А потом рот Джона спустился ниже, и Винс почувствовал что-то влажное и горячее накрывшее сосок. Тот затвердел мгновенно, будто бусина под кожей, Джон сосал его с той же неутолимой, почти яростной жаждой, с какой пьют последнюю воду после долгого нахождения в пустыне. Зубы скользнули по чувствительной плоти, не сильно сжали, ровно настолько, чтобы боль обернулась своей изнаночной, притягательной стороной, а язык всё кружил, выписывал влажные петли, и от каждого его движения по телу расходились волны покалывающего холода, как от сквозняка, проникшего сквозь треснувшее окно. Кавински вцепился Джону в плечи, ногти сами собой впились в кожу, царапая до крови, туда, где и без того уже багровели синяки, а пальцы запутались в его волосах, сжали, потянули, оттягивая голову от своей груди. Где-то на границе сознания ещё билась мысль о том, что они только что едва не разнесли квартиру, что на полу хрустит стекло, что за стеной, наверное, слышно их дыхание, но всё это отступало, теряло значение, растворялось в густом, наэлектризованном воздухе.

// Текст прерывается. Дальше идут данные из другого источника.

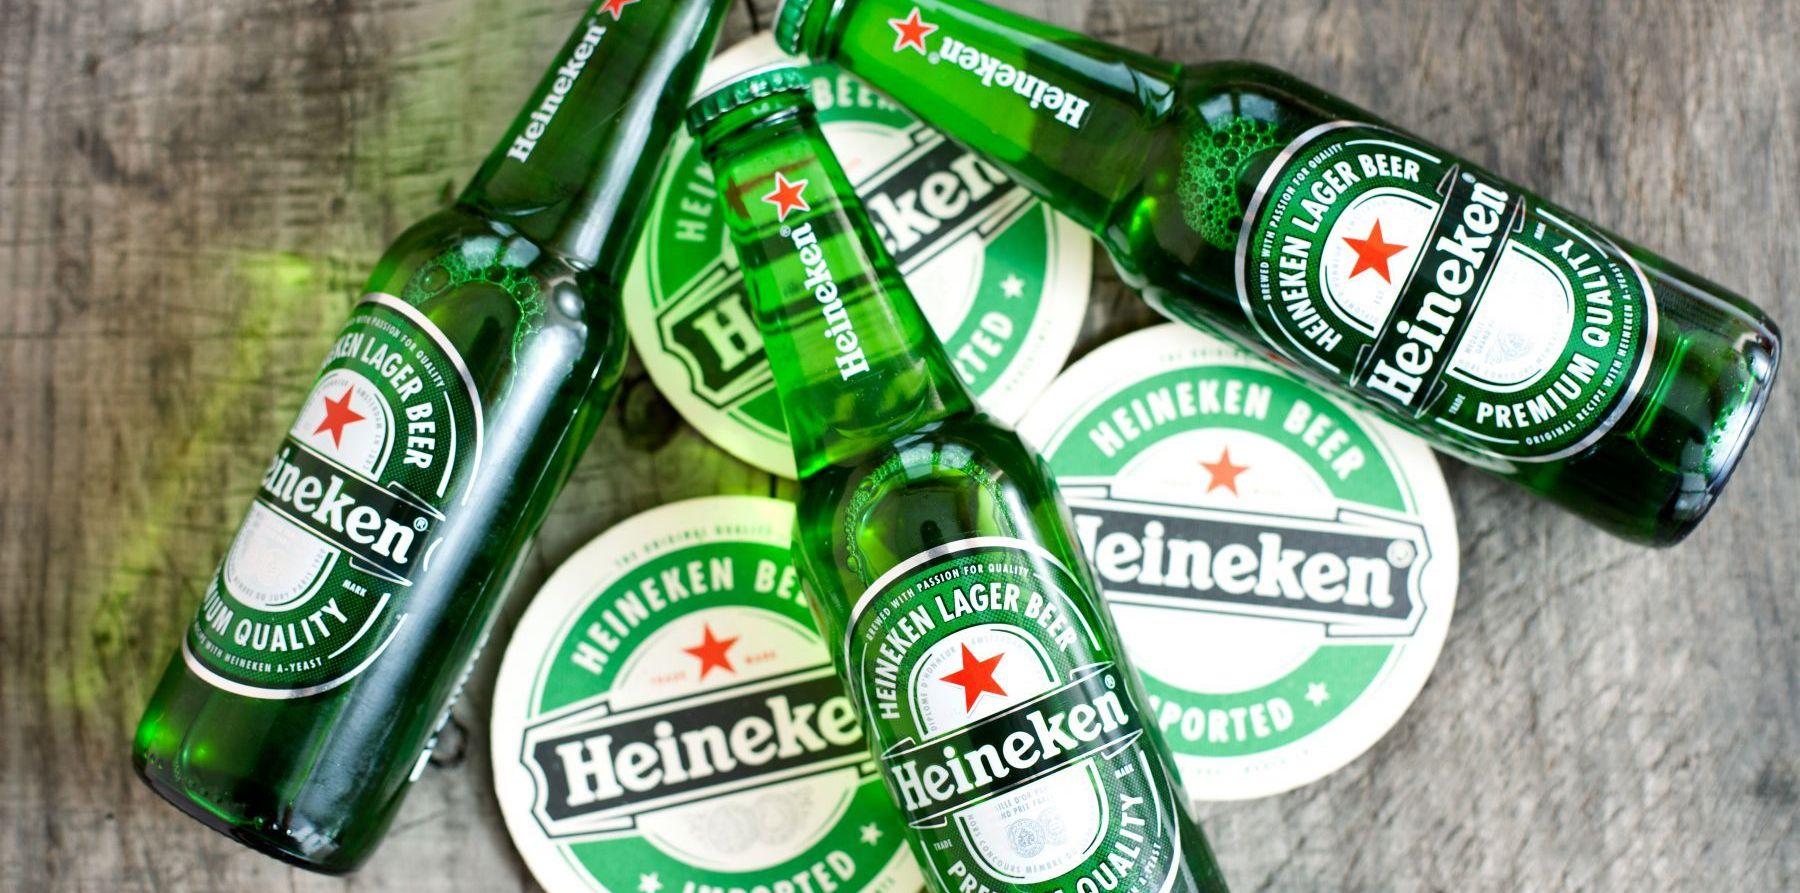 和海尼根一起學創意行銷:3個秘訣,翻轉品牌形象

— Больше… Ещё… — сорвался с губ Кавински шёпот, и голос его прозвучал чужим, надтреснутым, ускользающим куда-то вверх на последнем слоге.

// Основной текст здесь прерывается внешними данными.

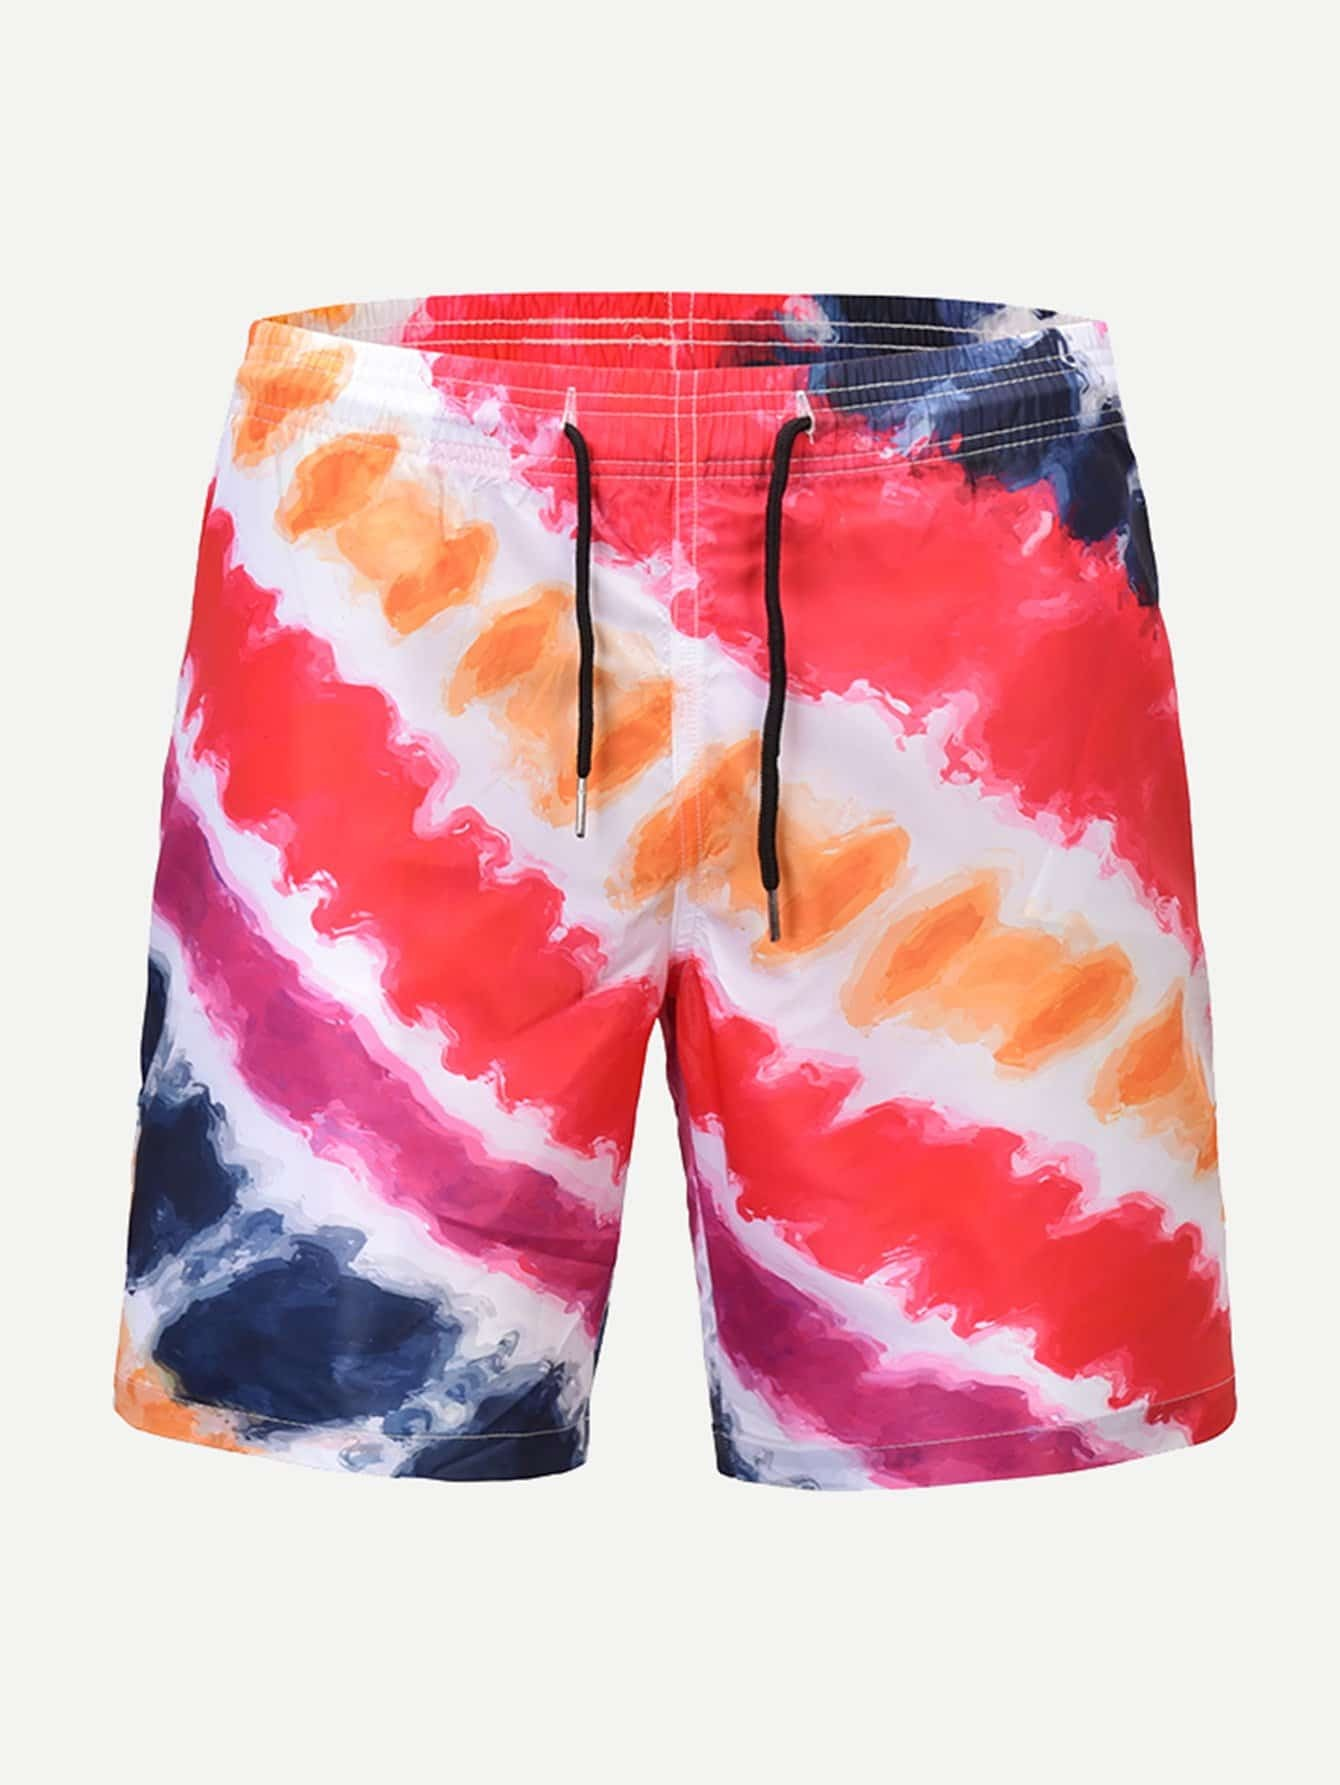 Men Tie Dye Striped Drawstring Beach Shorts men colorful striped drawstring shorts

Он сам услышал эту мольбу словно со стороны и не узнал её, она была лишена всего, кроме чистого, обнажённого желания. Тело выгибалось дугой навстречу каждому движению, спина прогибалась до сладостной, тянущей боли, и мышцы натягивались, будто струны под пальцами неумелого музыканта. В этот миг не осталось ничего: ни Империи, ни тупых Джоновских миров, ни многолетних споров о долгах и благодарности. Только красный и синий свет, скользящий по стенам прокуренной квартиры, только запах старого льна и крови, только два тела, сплетённые на заваленной грязным бельём кровати, и это бесконечное, тягучее, как летний зной, падение вглубь, туда, где слова уже не имели значения.

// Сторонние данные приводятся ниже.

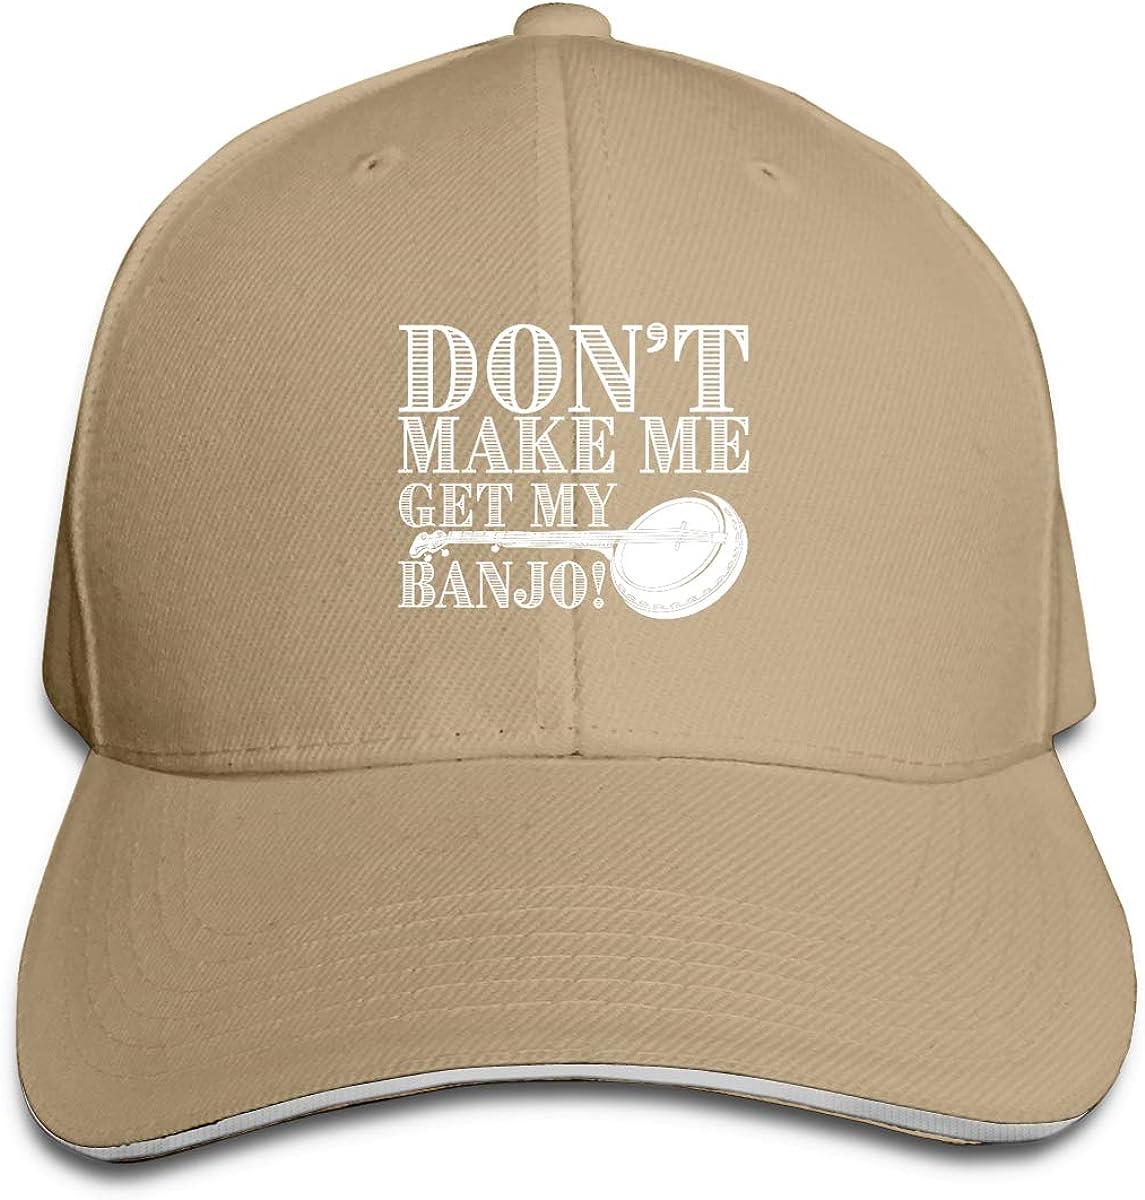 Eugrandet Dont Make Me Get My Banjo Unisex Twill Adjustable Sports Hat

Пальцы Джона сомкнулись на члене Кавински, возвращая его из раздумий. Пальцы холодные, несмотря на общий жар, бьющий от них обоих, и Кавински едва успел втянуть воздух сквозь зубы, как в следующее мгновение острая боль прошила тело насквозь. Джон сильно прикусил головку, без предупреждения, с той же безжалостной жадностью, с какой он делал всё в этой жизни. Кавински дёрнулся, как от удара током, мышцы живота свело судорогой, и где-то глубоко внутри, под слоями похоти и душной истомы, всколыхнулась чистая, незамутнённая ненависть. Он ненавидел Джона в такие моменты, ненавидел за то, что тот никогда не спрашивал, не предупреждал, брал всё, что хотел, с уверенностью человека, привыкшего, что миры прогибаются под него. Ладонь Кавински взлетела сама собой и впечаталась в его щёку с гулким, отрывистым звуком, эхо которого заметалось под низким потолком и утонуло в завалах хлама. Джон не отстранился и не увернулся, только вскинул на него взгляд, и в янтарных глазах полыхнуло что-то, от чего у Кавински перехватило дыхание: не злость даже, а дикое, голодное восхищение, словно этот удар был именно тем, чего Джон ждал всё это время.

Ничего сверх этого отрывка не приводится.